Work task:
Set down the whole listing below exactly. The pictures stay out.

Recorded data:
********

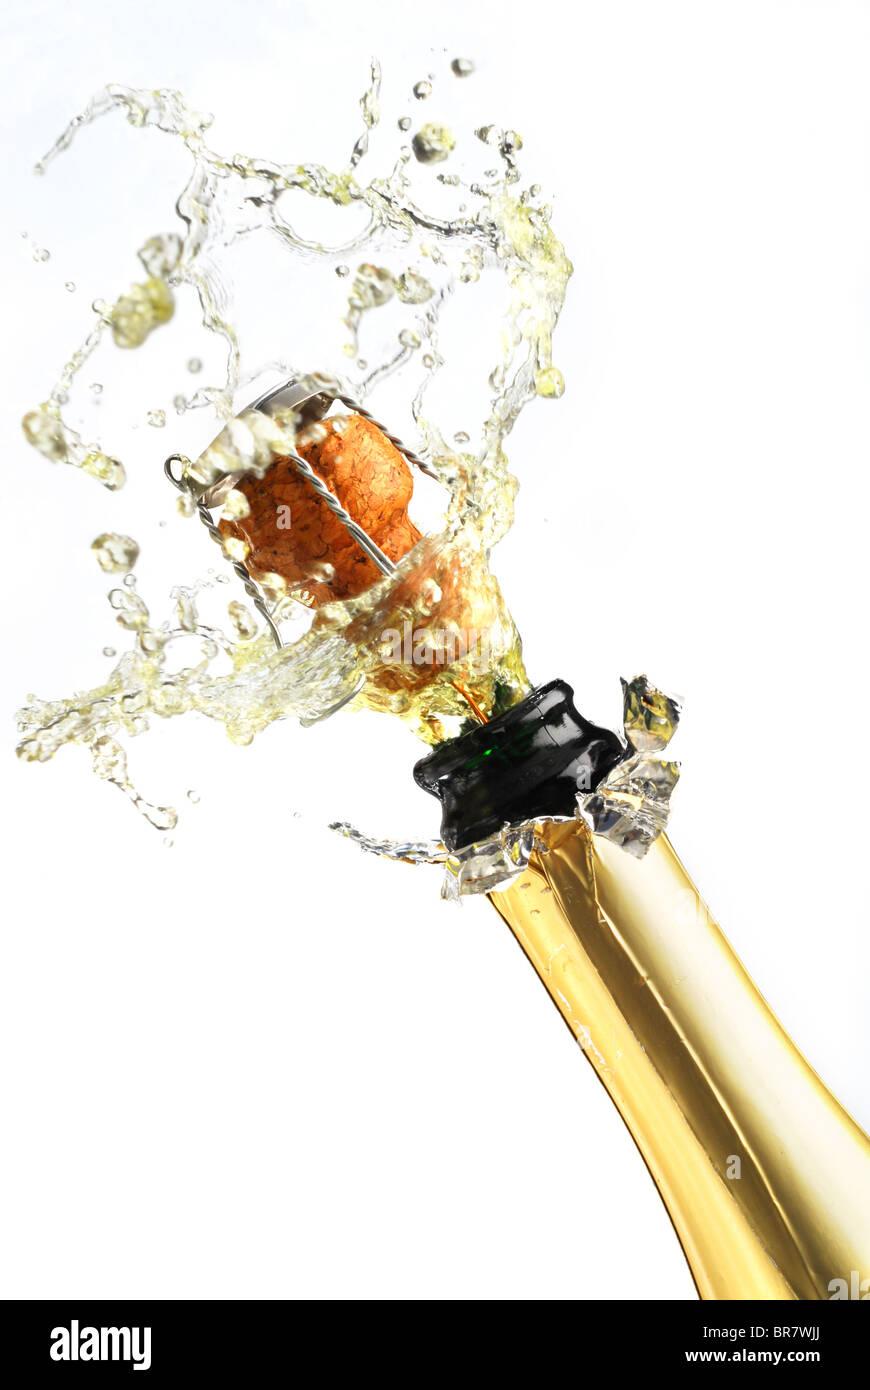 Extreme Nahaufnahme der Explosion der Flasche Champagner-Korken Stockbild
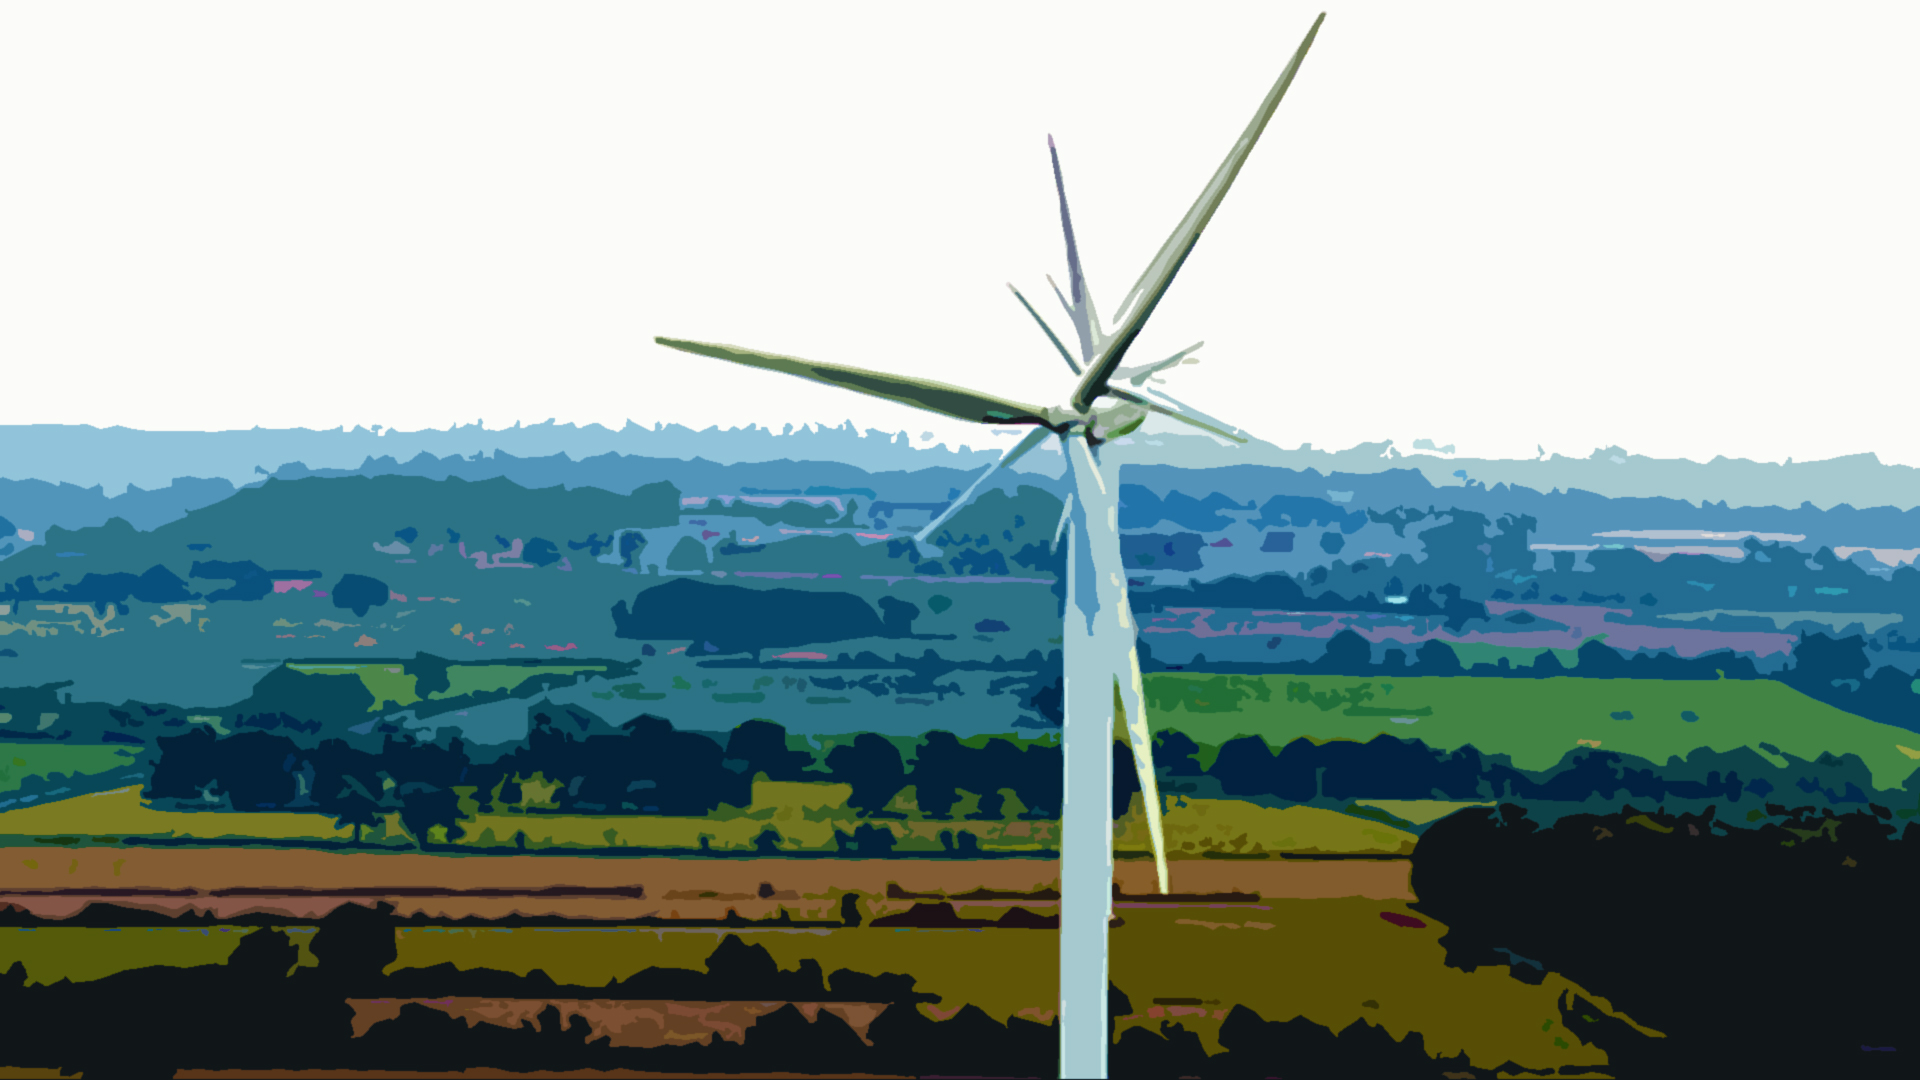 Financement participatif : des citoyens rachètent les parts d'un parc éolien
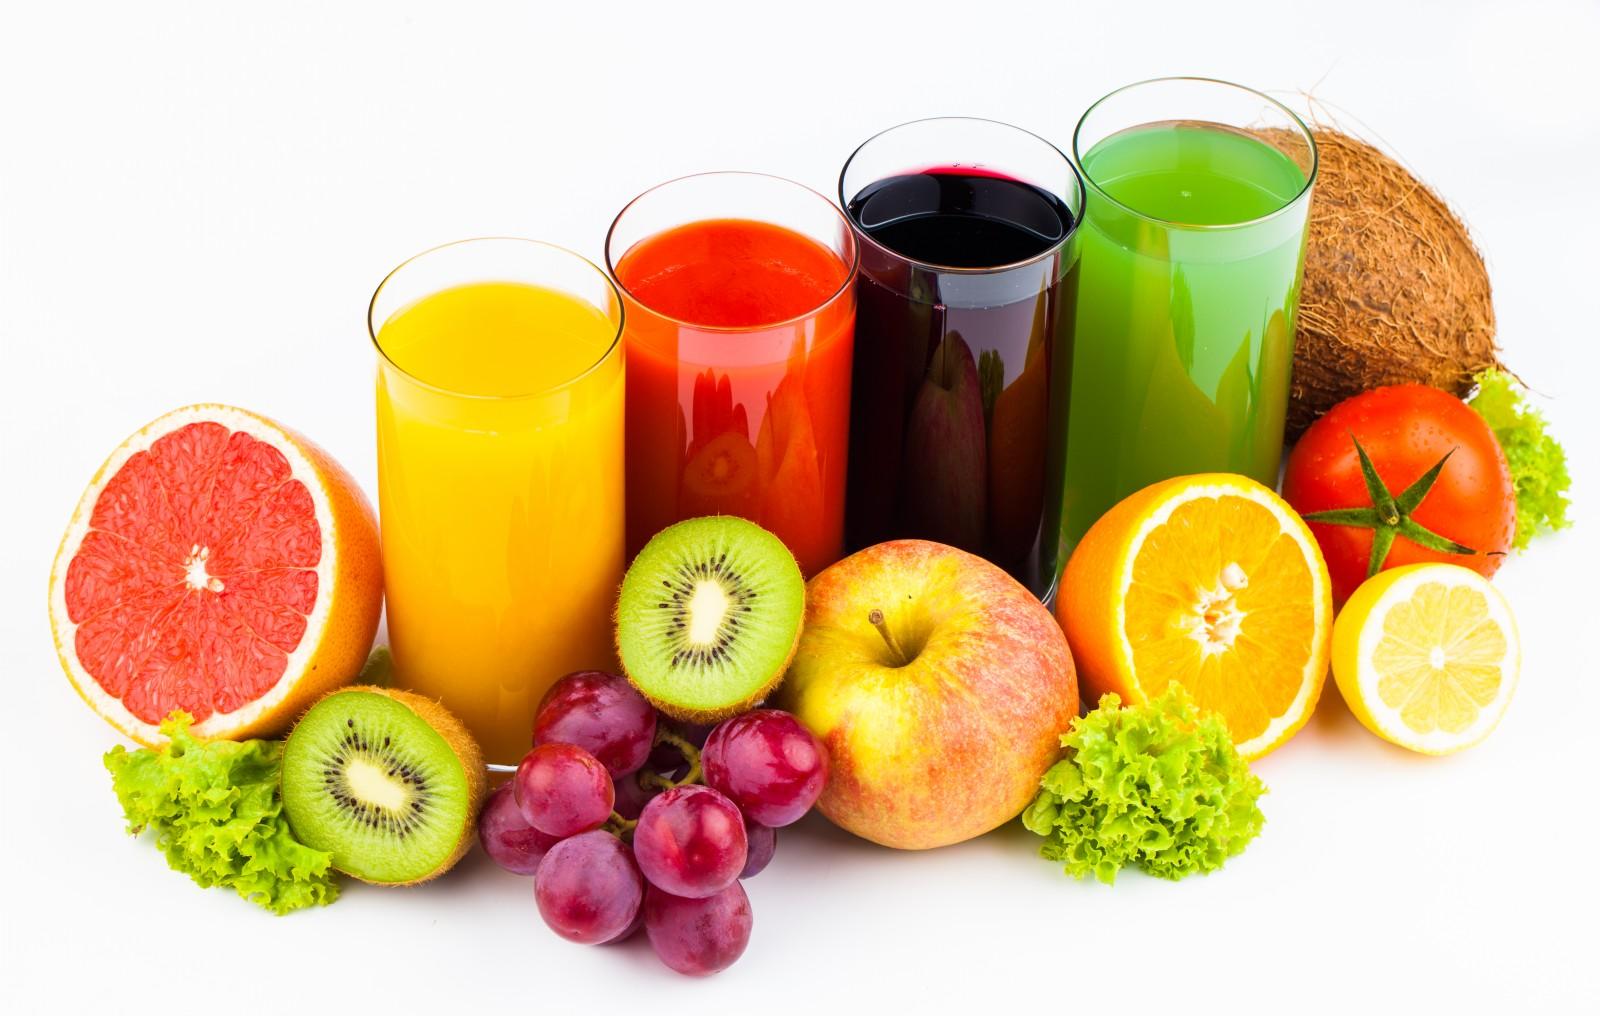 صورة شرب العصائر على الإفطار يدمر صحتك
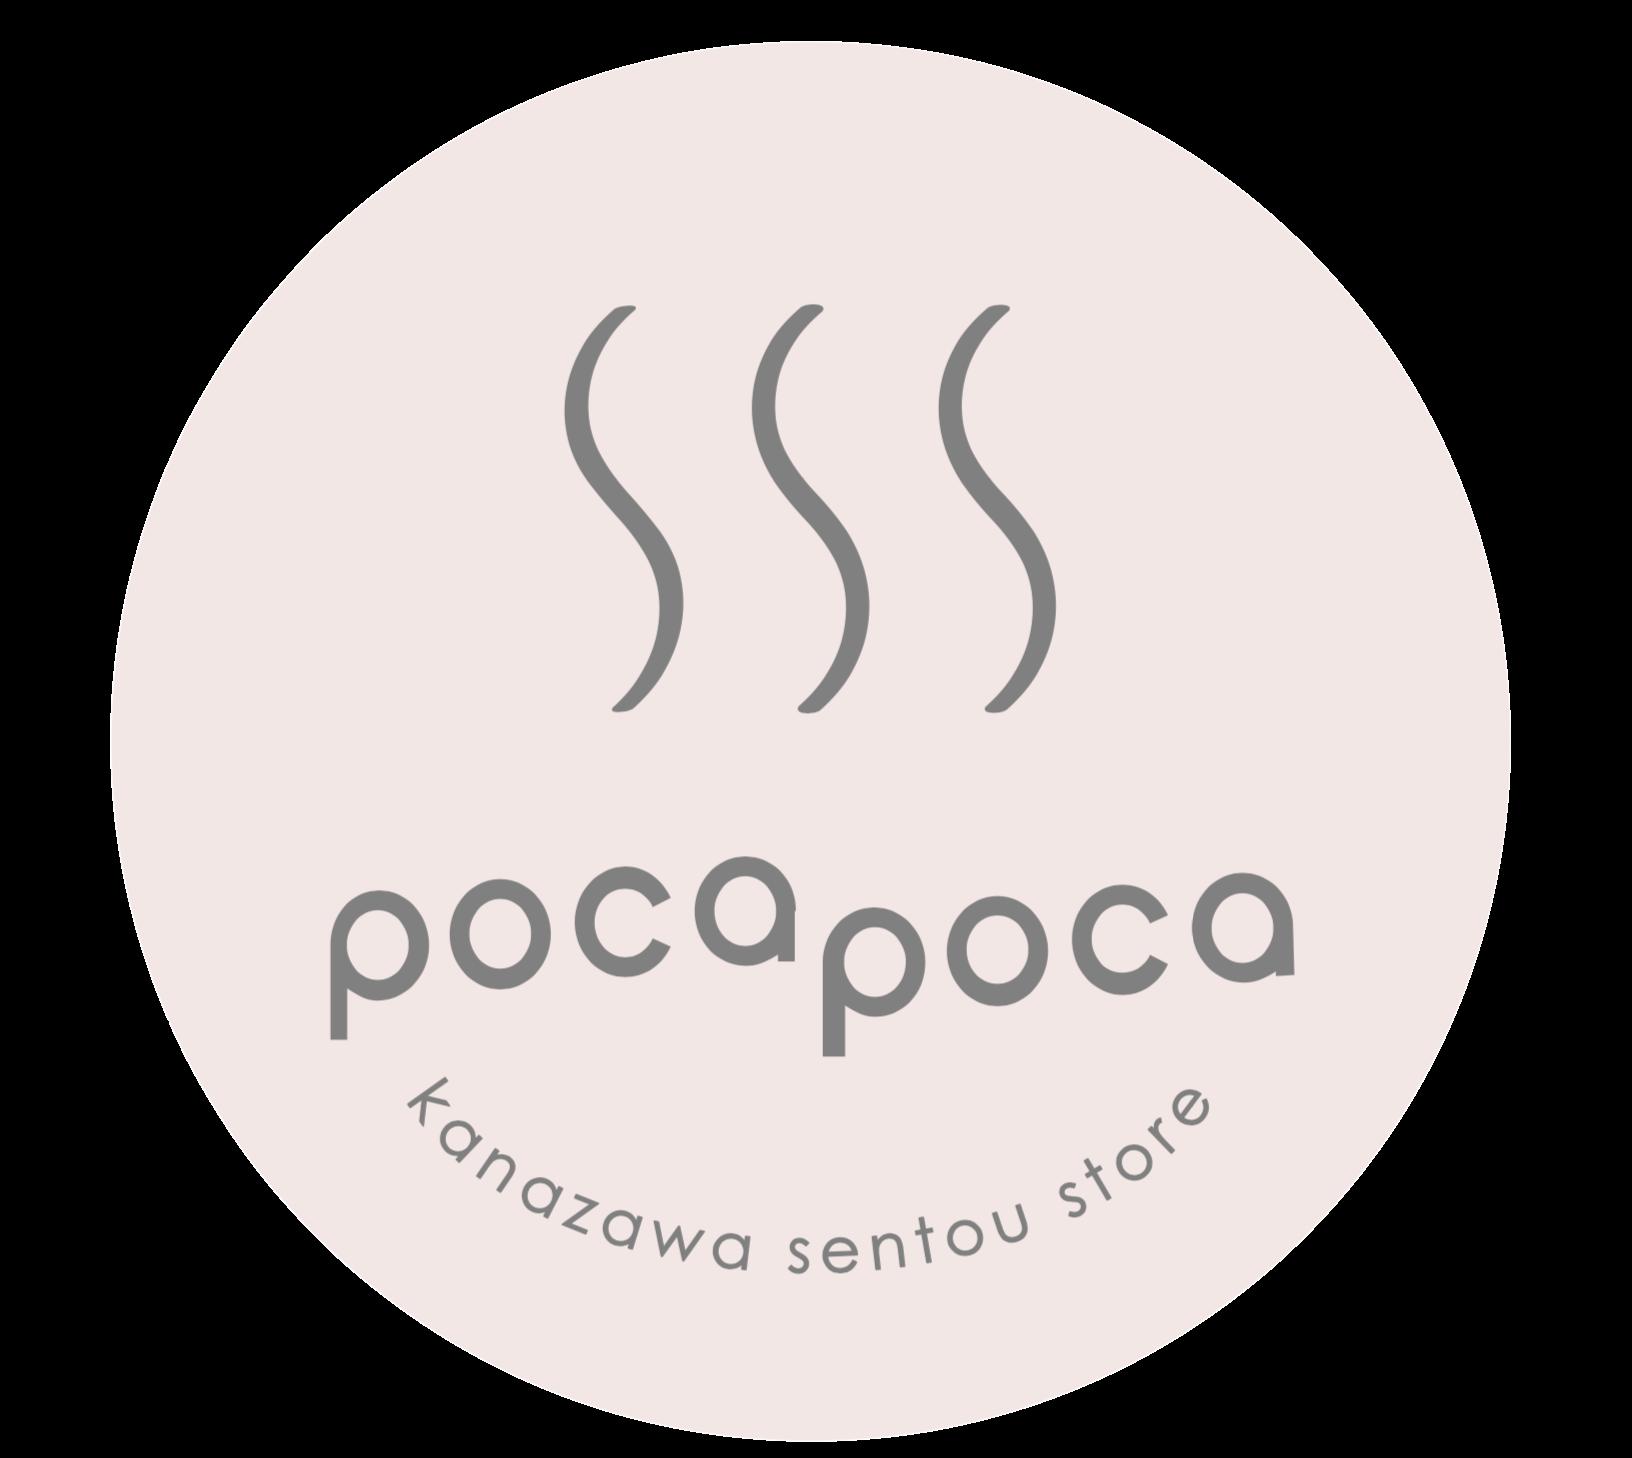 かわいいを美味しく食べる pocapoca ice pop

********

Written solution:
 Extreme Nahaufnahme der Explosion der Flasche Champagner-Korken Stockbild
 Financement participatif : des citoyens rachètent les parts d'un parc éolien
 صورة شرب العصائر على الإفطار يدمر صحتك
 かわいいを美味しく食べる pocapoca ice pop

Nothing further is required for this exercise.